You can also see about ordering medications you typically renew monthly in a 90-day supply, instead. Doing so might save you some money on your out-of-pocket costs while allowing you to spend down your FSA balance.

2. Refresh your eyewear

If you wear prescription eyeglasses, you can use your FSA to buy yourself a new pair of frames -- even if those frames are a designer brand. If you're struggling to use up your FSA balance, investing in a new pair of prescription eyeglasses or sunglasses is a good way to deplete that account, since having a backup pair buys you some insurance in the event your go-to pair breaks.

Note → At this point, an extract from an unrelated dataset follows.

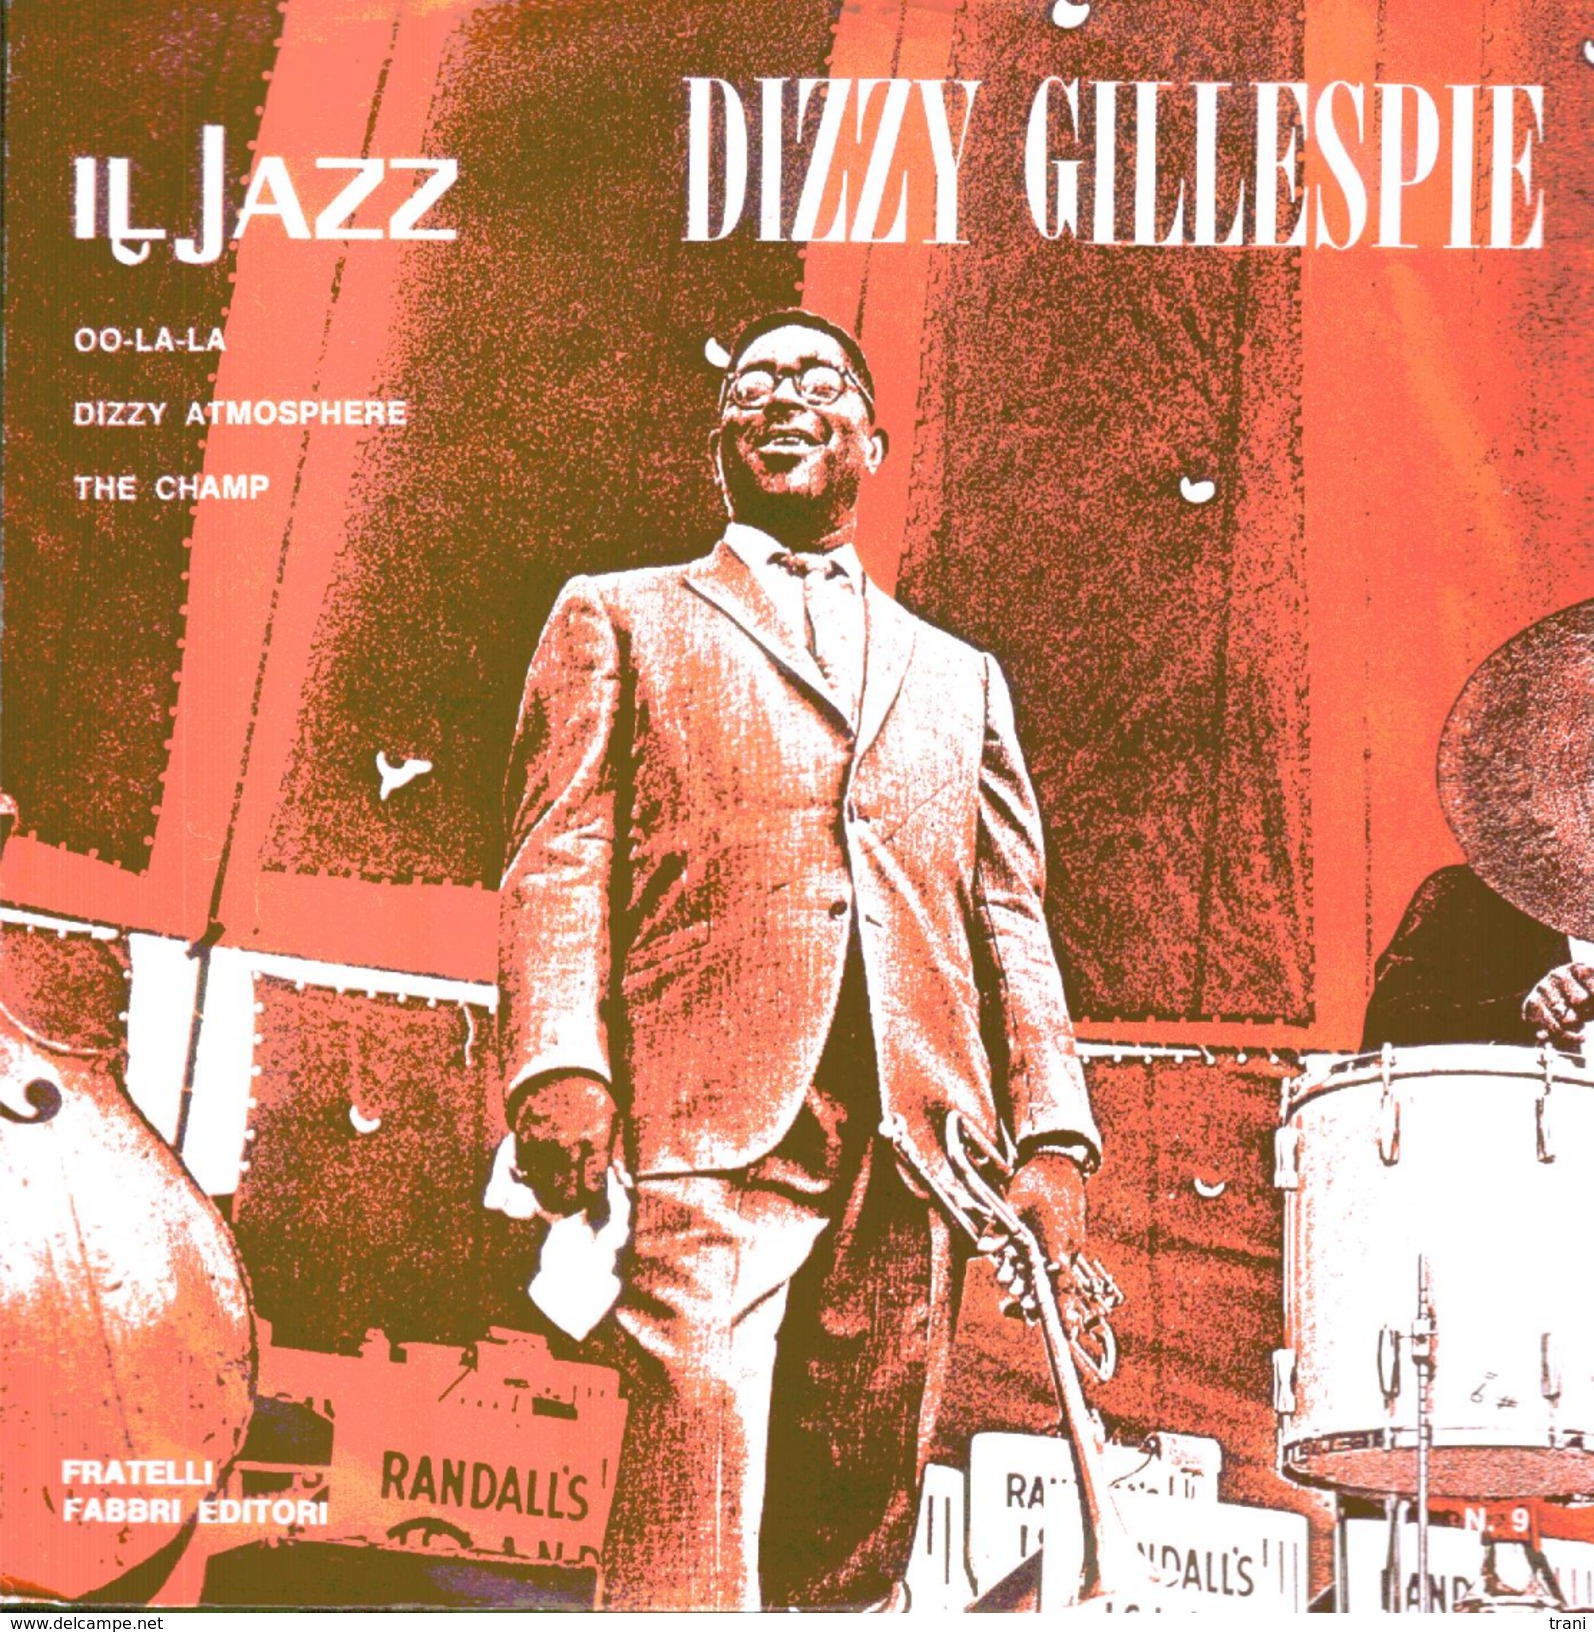 DIZZY GILLESPIE - Oo-la-la - Dizzy Atmosphere - The Champ = - Jazz

3. Purchase next year's medical supplies

Chances are, you regularly buy medical or medical-related supplies that are FSA-eligible. If you have leftover money in your account, you can use it to stock up for next year. The items you can buy with FSA funds include, but certainly aren't limited to:

  • Bandages
  • Contact lens solution
  • Hearing aid batteries
  • Heating pads
  • Pregnancy tests
  • Prenatal vitamins
  • Sunscreen

You can consult this list for a complete rundown of FSA-eligible purchases and see what it pays to buy for the coming year. But pay attention to expiration dates -- you don't want to throw out money by buying things that'll go bad before you use them. 

4. Push up medical appointments

If there's a diagnostic test or medical appointment you're due for in early 2020, ask your doctor if moving it up to late 2019 is acceptable. If so, you'll be able to use your FSA to cover your copays. Keep in mind, however, that your insurance company may not cover the cost of certain tests or procedures if you do them too early, so find out what flexibility you have before shifting your healthcare schedule around.

The last thing you want to do is forfeit funds in your FSA, so if that's the scenario you're facing, use the above tips to spend down that balance. Before you do, however, see if your FSA offers some leeway in using up your funds. Many plans these days either give you a couple of extra months in the new year to deplete your balance or let you carry a certain amount of that balance forward and use it up at any point during the new year, so see what options are on the table before rushing to use up your funds.